The van did all right until we came to the Big Hill. Then it became the Little Engine That Could. Or, as it turned out, That Couldn't. It huffed and puffed its way up that hill, and we were about two thirds of the way up, and it just said "No Mas". And had to back all the way back down since the road was too narrow to turn around until near the bottom.

We still had loads of fun. Fun like this: My wife left her purse at the lakeside park where we stopped for a picnic lunch. We didn't realize it until we were camped about an hour later. Fun like I had a tick that burrowed into my neck and did not want to come out no matter what we did, and I was kind of an expert at getting ticks out from having a dog for 14 years that got them constantly. Then when I drove by myself back to the picnic area (miraculously the purse was still there!), a hornet flew into the window and stung me on the other side of my neck.

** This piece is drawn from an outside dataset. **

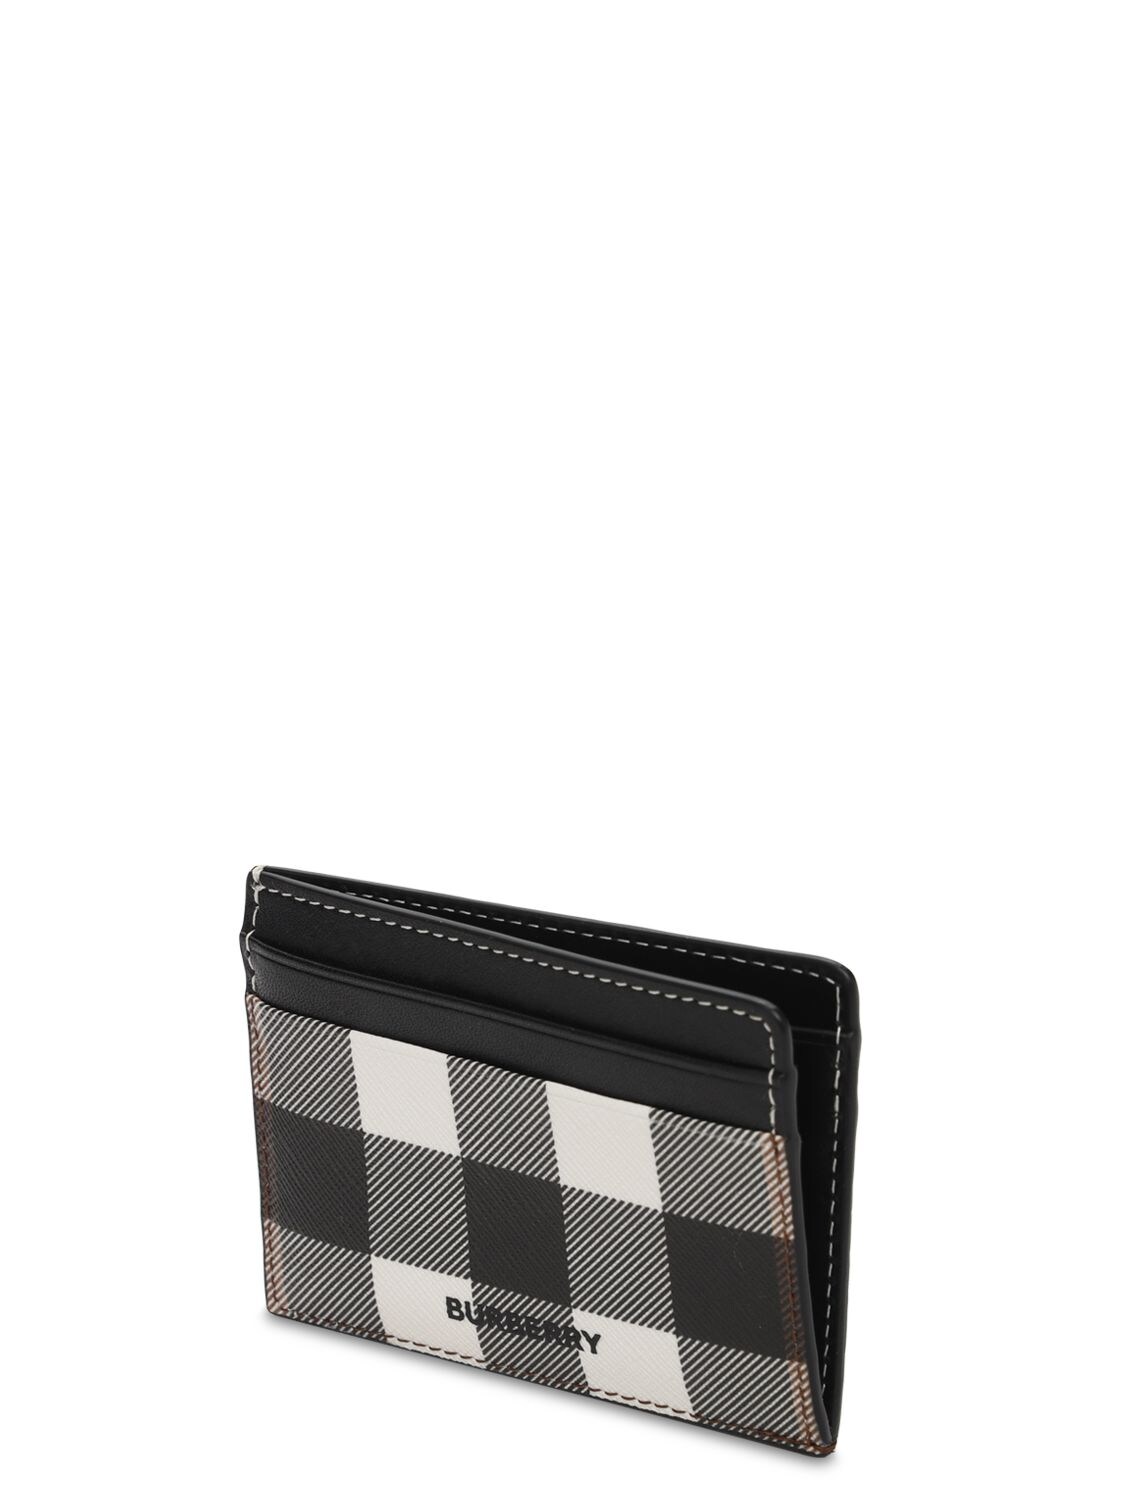 Burberry Black & White E-canvas Check Kier Card Holder In Dark

When we got home I had to have emergency surgery to remove the tick, which was by now probably infected. And they put me on antibiotics - which meant no drinking until the regimen was complete.

But I was determined to get to Crabtree Hot Springs. I decided that the bike trip would be to take the northern route to the hot springs. A few friends and I had made a habit for a few years of taking fully loaded (for camping) street motorcycles into the middle of nowhere seeking the smallest of roads with the least amount of traffic and thus the best of scenery. Our mottoes were "It's only a couple of miles of dirt", and "Rough Road Ahead". We had many successful and a few not so successful adventures this way.

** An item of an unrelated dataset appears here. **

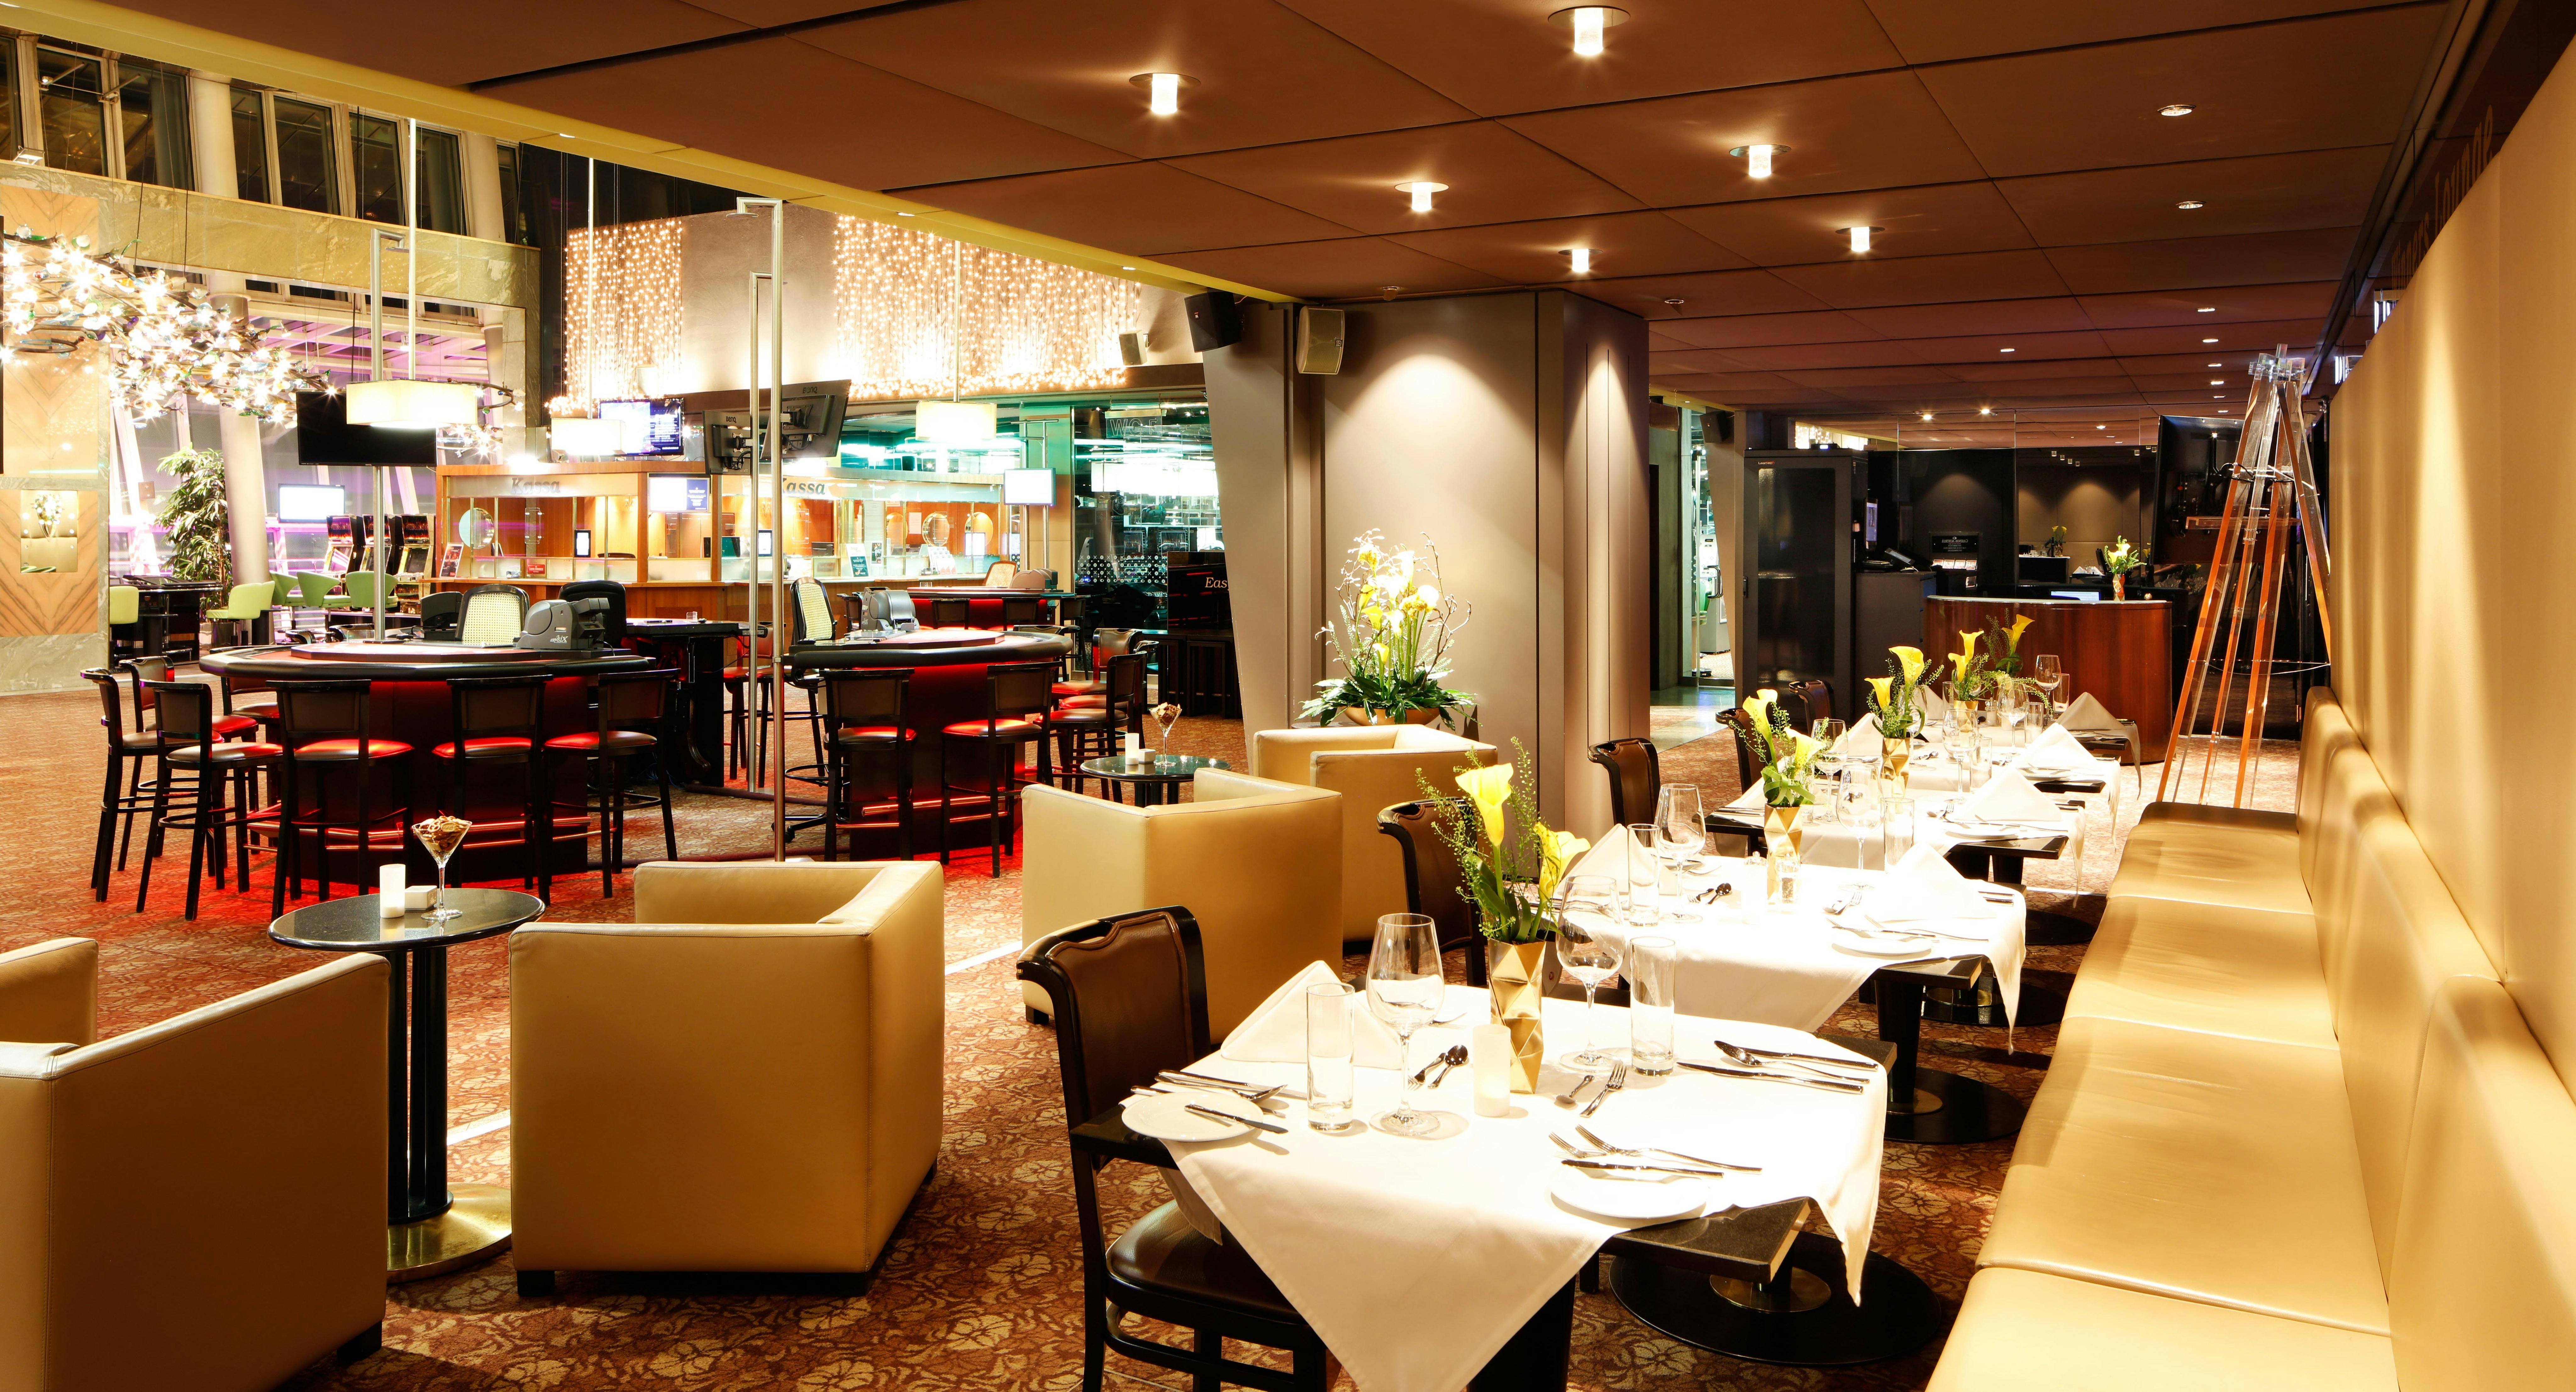 Photo of restaurant Cuisino - Innsbruck in Wilten, Innsbruck

On those trips we may have smoked some smokables and had other stimulants during the days and drank Jack Daniels or brandy at night around the campfire. I made it through three or four days before I said the hell with it and replaced the medicine with alcohol medicine.

The road in from the north went up to Pillsbury Lake on a paved road and then the rest was dirt. Maybe just a few more than a couple miles of dirt. It went down into the canyon that held that same fork of the Eel River much further north where it was an actual river that needed to be crossed, and then up along a ridge, and finally down a steep canyon to where the hot springs were.

The first thing that happened was out of nowhere my battery died going down to the river. There was nothing to do but coast the rest of the way down. We decided to set up camp at the river. The next day I rode into town on the back of my friend's bike with my used up battery and purchase a new one. We had breakfast while it was being charged up, and then headed back to the others at the river. The next morning we headed to the hot springs. Crossing the river was fun and quite challenging as the moving water was about two or three feet high.

The last leg was down maybe a 30% grade with switchbacks galore, and maybe an 1800 foot near cliff off the side. As I often did I got ahead of the rest. I came around a turn and the bike gave way under me. I slid to a stop just off the edge. I was uninjured. However, the bike had my lag pinned, inches from the tailpipe that was probably about 300 degrees. If I moved, I could just completely fry my leg.

When my friends came around the corner, due to the steep angle of the road, they couldn't see me 'under' the bike. Their first thought was that heffe went over the side! but then the next thing they heard was "Get this fucking bike off of me!". I was panicking and decided I couldn't wait for them. Somehow, I summoned superhuman strength and lifted the bike enough to get my leg out and I was free.

The rest of the journey down the hill was uneventful, and we parked at the bottom. We saw a car parked there. It was about a quarter mile hike to the hot springs. It was wonderful, and all the trials and tribulations I went through melted off of me as we soaked. The springs are not what I would call hot springs, more like warm springs, which was in a way better, because we could stay in them as long as we wanted.

It turned out that the occupants of the car were two middle aged brothers. They left a little before we decided to, and were still at there car when we emerged from the trail. They looked at us and at the bikes, and realizing what we went through to get down the canyon to the springs, said "You guys are Rugged!"

And that, my friends, is how we dubbed ourselves the Rugged Hooligans.